Native (C/C++) Exceptions

Windows uses Structured Exception Handling (SEH) to manage low‑level exceptions such as access violations.

#include <windows.h>
#include <stdio.h>

int main()
{
    __try
    {
        int *p = NULL;
        *p = 42; // Access violation
    }
    __except(EXCEPTION_EXECUTE_HANDLER)
    {
        printf("Caught an access violation!\\n");
    }
    return 0;
}

For C++ exceptions, use try/catch blocks or combine with SEH via __try/__except.

Managed (.NET) Exceptions

In .NET, unhandled exceptions on any thread cause the runtime to invoke AppDomain.UnhandledException.

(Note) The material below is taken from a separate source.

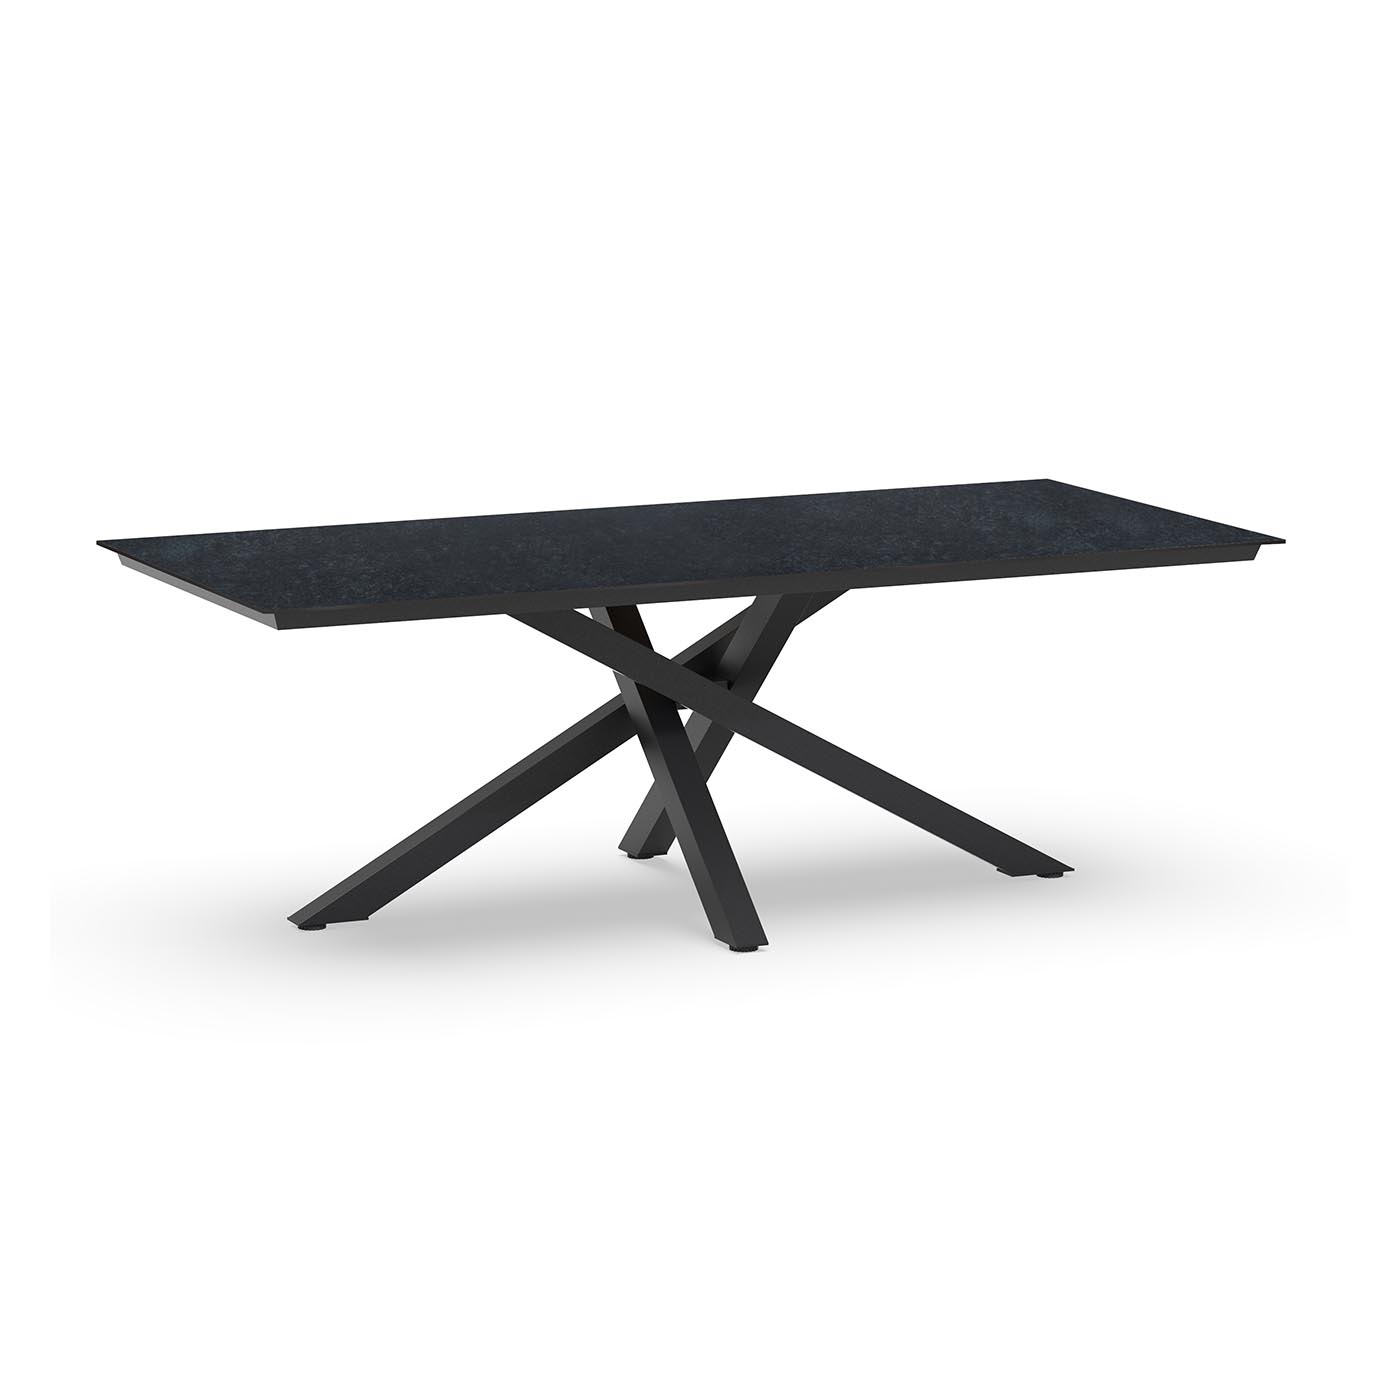 Orion Dining Table Trespa Graphite 220 x 100 cm Charcoal

You can subscribe to this event to log or perform cleanup.

using System;

class Program
{
    static void Main()
    {
        AppDomain.CurrentDomain.UnhandledException += (s, e) =>
        {
            Console.WriteLine("Unhandled exception: " + ((Exception)e.ExceptionObject).Message);
        };

        throw new InvalidOperationException("Oops!");
    }
}

Debugging Unhandled Exceptions

Use Visual Studio or WinDbg to capture a crash dump. Enable WER local dump collection:

reg add "HKLM\SOFTWARE\Microsoft\Windows\Windows Error Reporting\LocalDumps" /v DumpFolder /t REG_EXPAND_SZ /d "%LOCALAPPDATA%\\CrashDumps" /f
reg add "HKLM\SOFTWARE\Microsoft\Windows\Windows Error Reporting\LocalDumps" /v DumpType /t REG_DWORD /d 2 /f

After a crash, open the .dmp file in WinDbg and run !analyze -v to view the exception stack.